SUPPLIED MATERIAL
+++
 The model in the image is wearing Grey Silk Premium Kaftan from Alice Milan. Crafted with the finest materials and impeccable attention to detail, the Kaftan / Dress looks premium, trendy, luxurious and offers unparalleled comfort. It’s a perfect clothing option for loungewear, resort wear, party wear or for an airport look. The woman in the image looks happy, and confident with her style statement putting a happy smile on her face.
+++
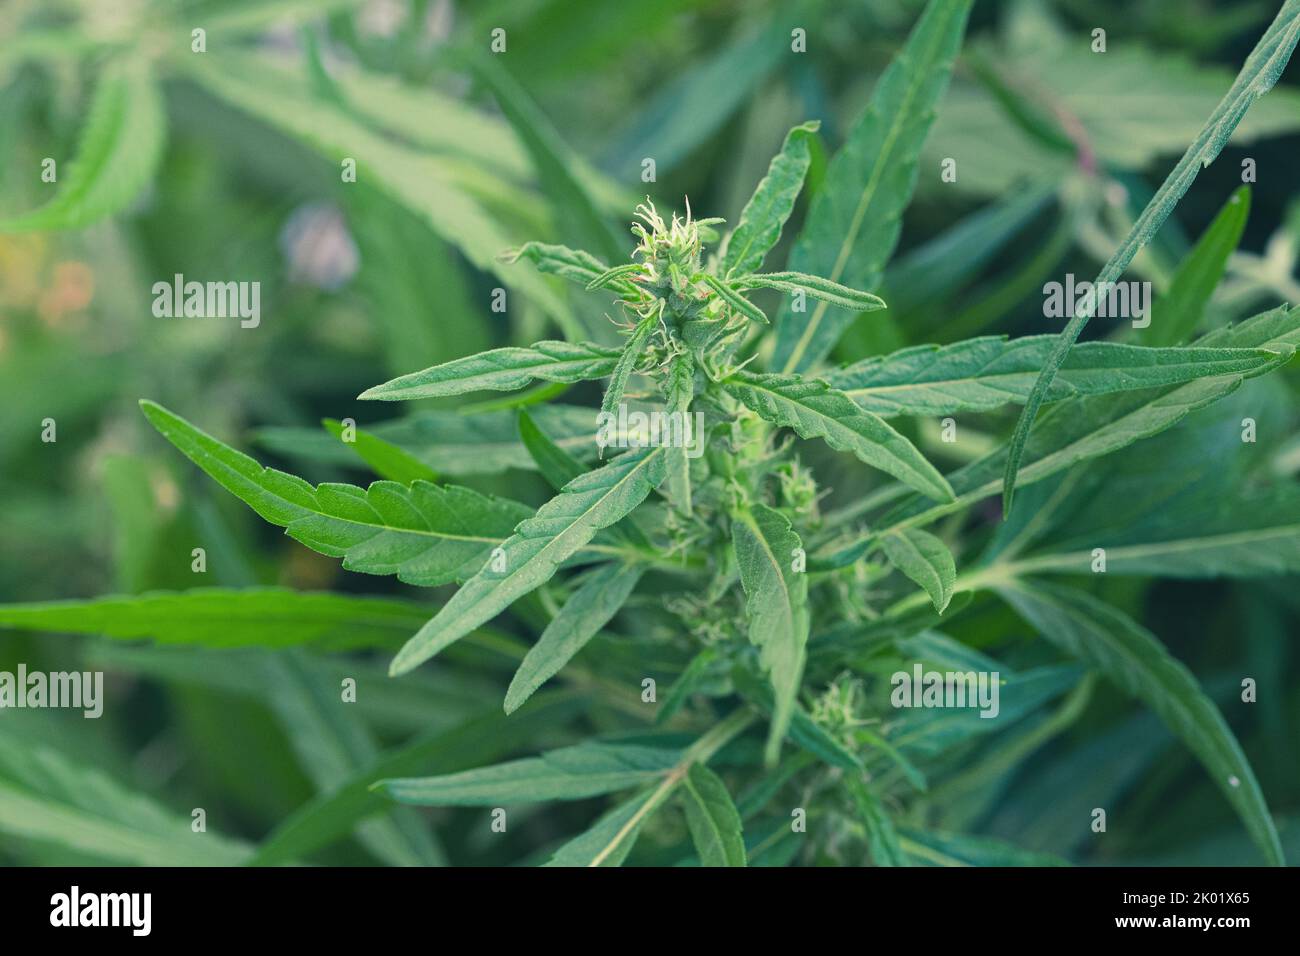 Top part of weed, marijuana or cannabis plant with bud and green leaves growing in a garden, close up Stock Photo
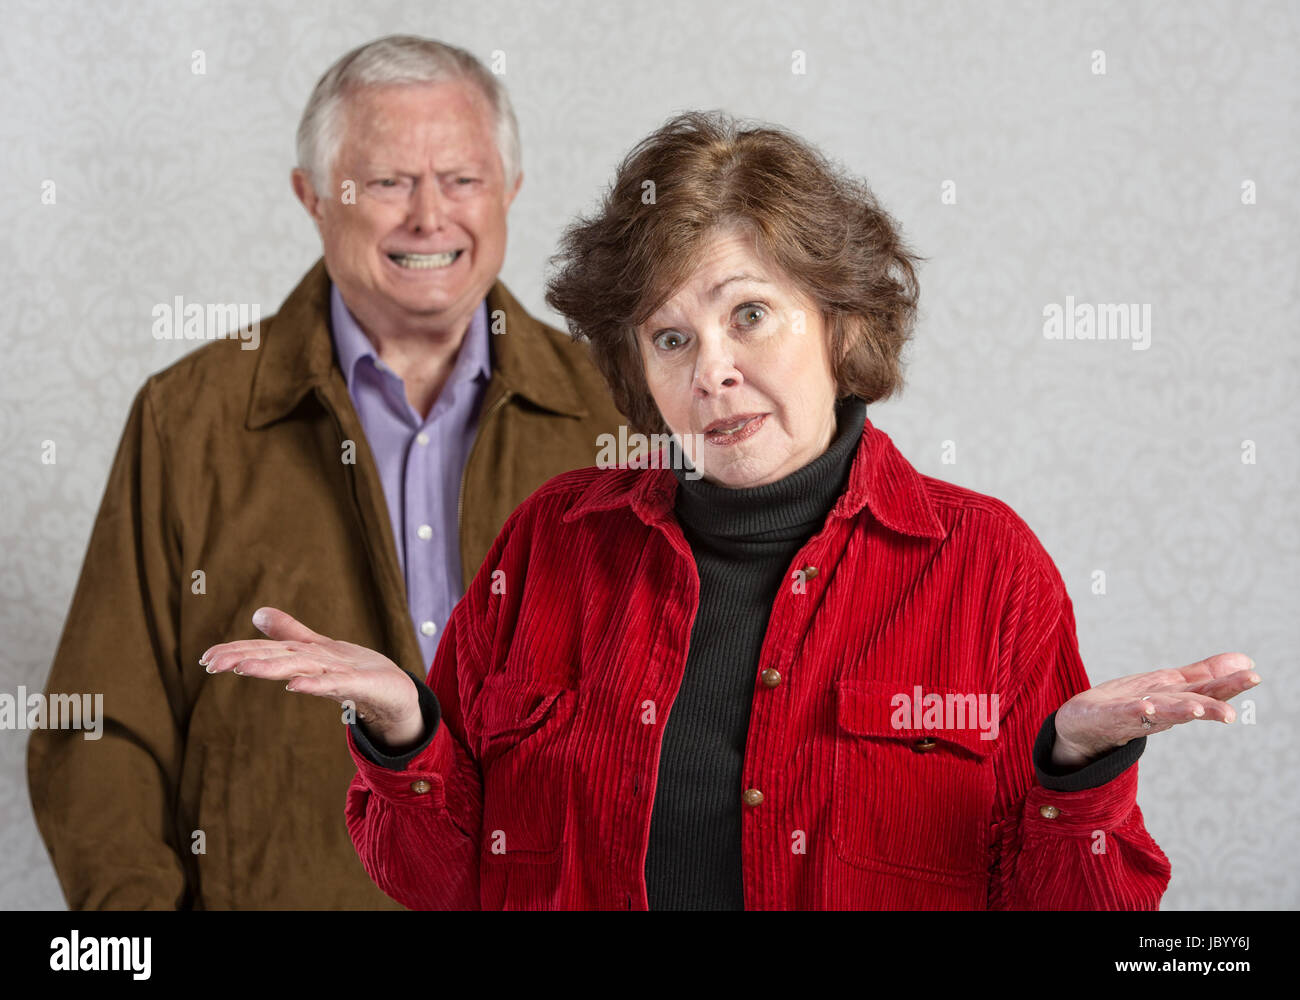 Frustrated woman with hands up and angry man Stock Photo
+++
EXERCISE OBJECTIVE
Of the lines above, copy only those from the one holding "Top part of" to the one holding "Frustrated woman with", both included, and exclude every image.

SOLUTION TO THE PROBLEM
 Top part of weed, marijuana or cannabis plant with bud and green leaves growing in a garden, close up Stock Photo
 Frustrated woman with hands up and angry man Stock Photo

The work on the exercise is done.